| RECORDS SUPPLIED |
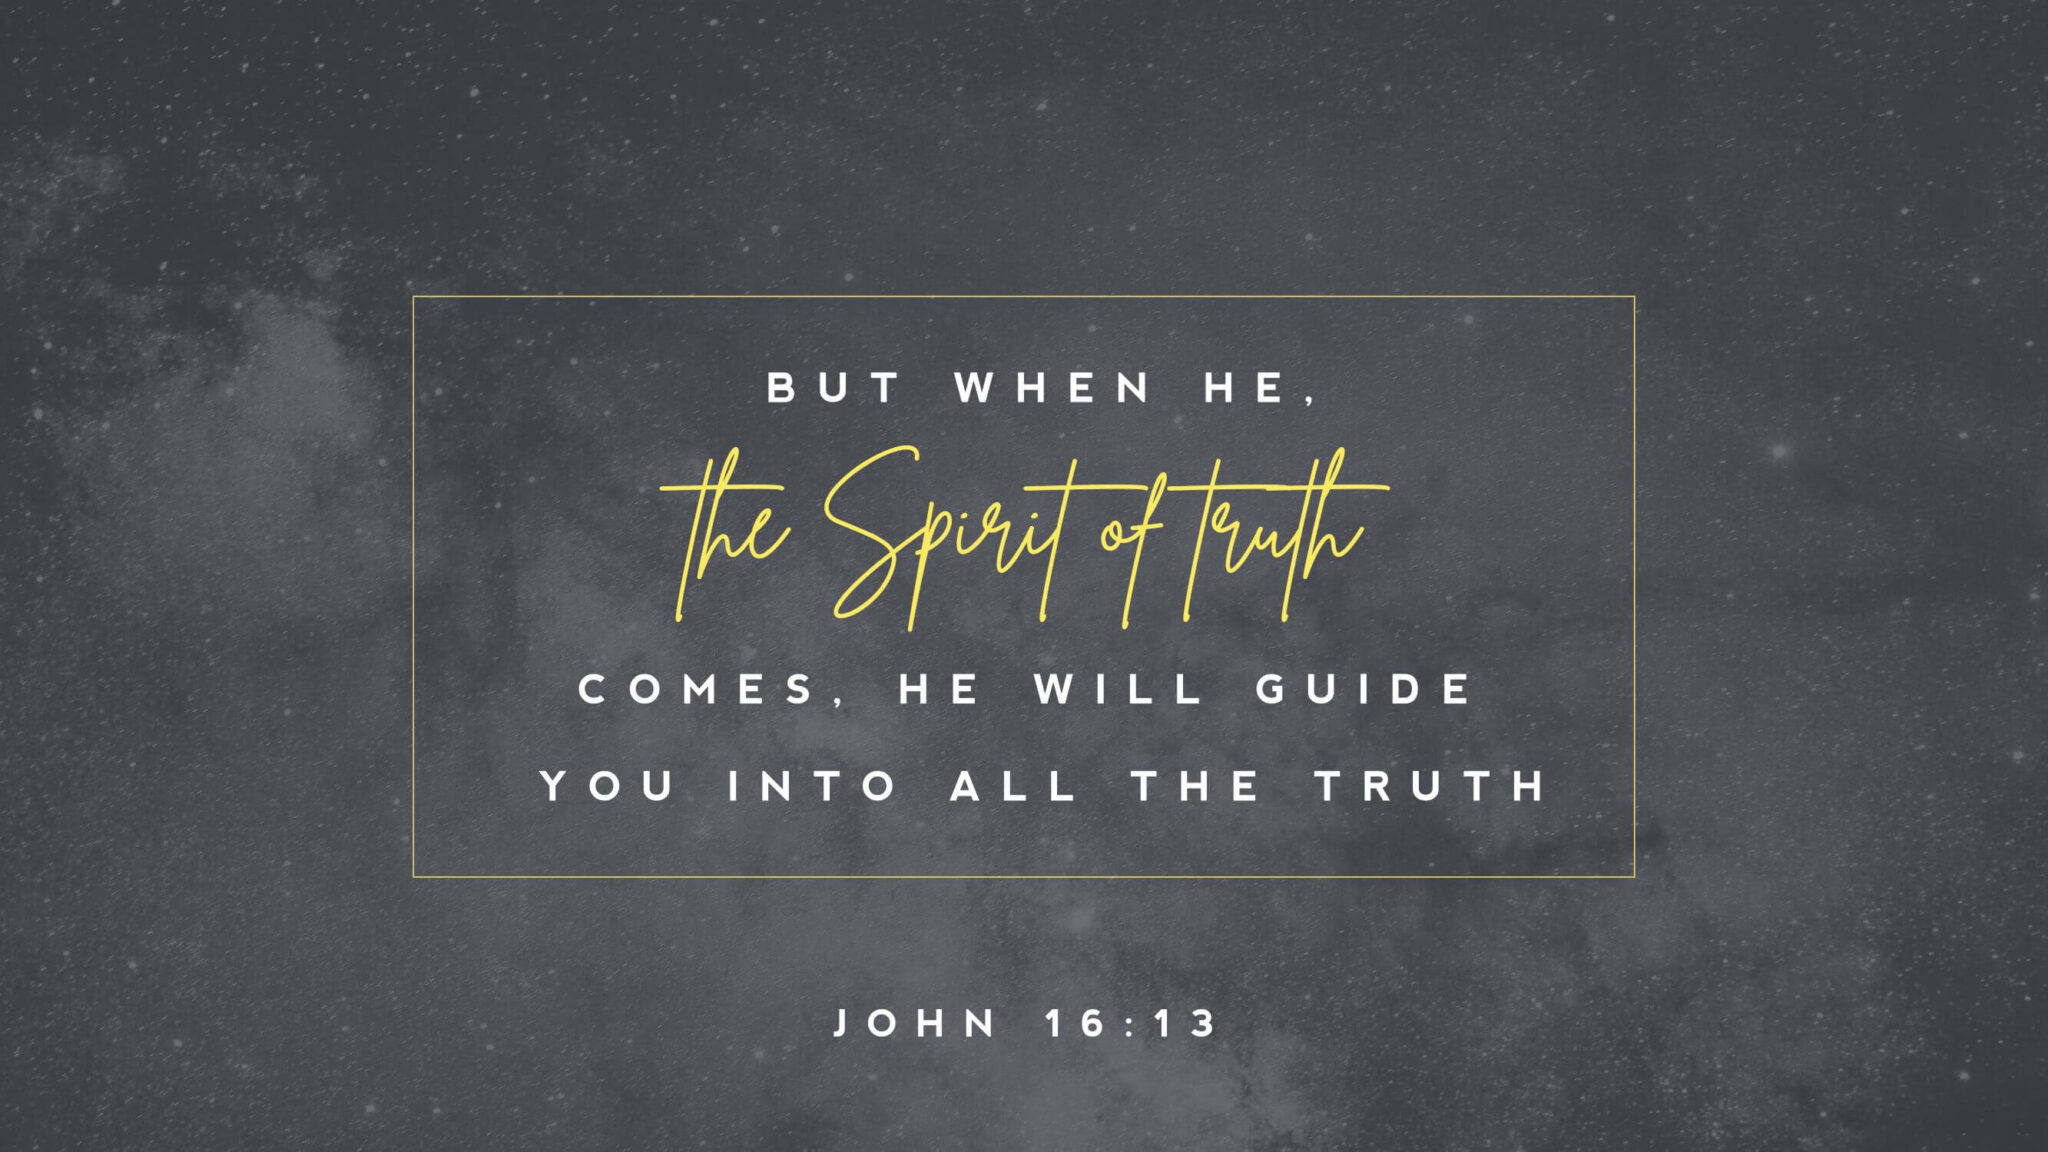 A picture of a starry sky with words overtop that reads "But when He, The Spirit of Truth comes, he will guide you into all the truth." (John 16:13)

--

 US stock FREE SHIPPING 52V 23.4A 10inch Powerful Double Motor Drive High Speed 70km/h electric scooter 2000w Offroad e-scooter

---

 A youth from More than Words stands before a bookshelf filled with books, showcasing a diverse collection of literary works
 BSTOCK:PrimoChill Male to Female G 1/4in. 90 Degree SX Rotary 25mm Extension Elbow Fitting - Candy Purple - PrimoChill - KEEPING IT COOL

| WORK TO COMPLETE |
Of the entries above, transcribe exactly those lines that fall between the line containing "A youth from" and the line containing "BSTOCK:PrimoChill Male to", together with those two lines.

| RESULT OF THE EXERCISE |
 A youth from More than Words stands before a bookshelf filled with books, showcasing a diverse collection of literary works
 BSTOCK:PrimoChill Male to Female G 1/4in. 90 Degree SX Rotary 25mm Extension Elbow Fitting - Candy Purple - PrimoChill - KEEPING IT COOL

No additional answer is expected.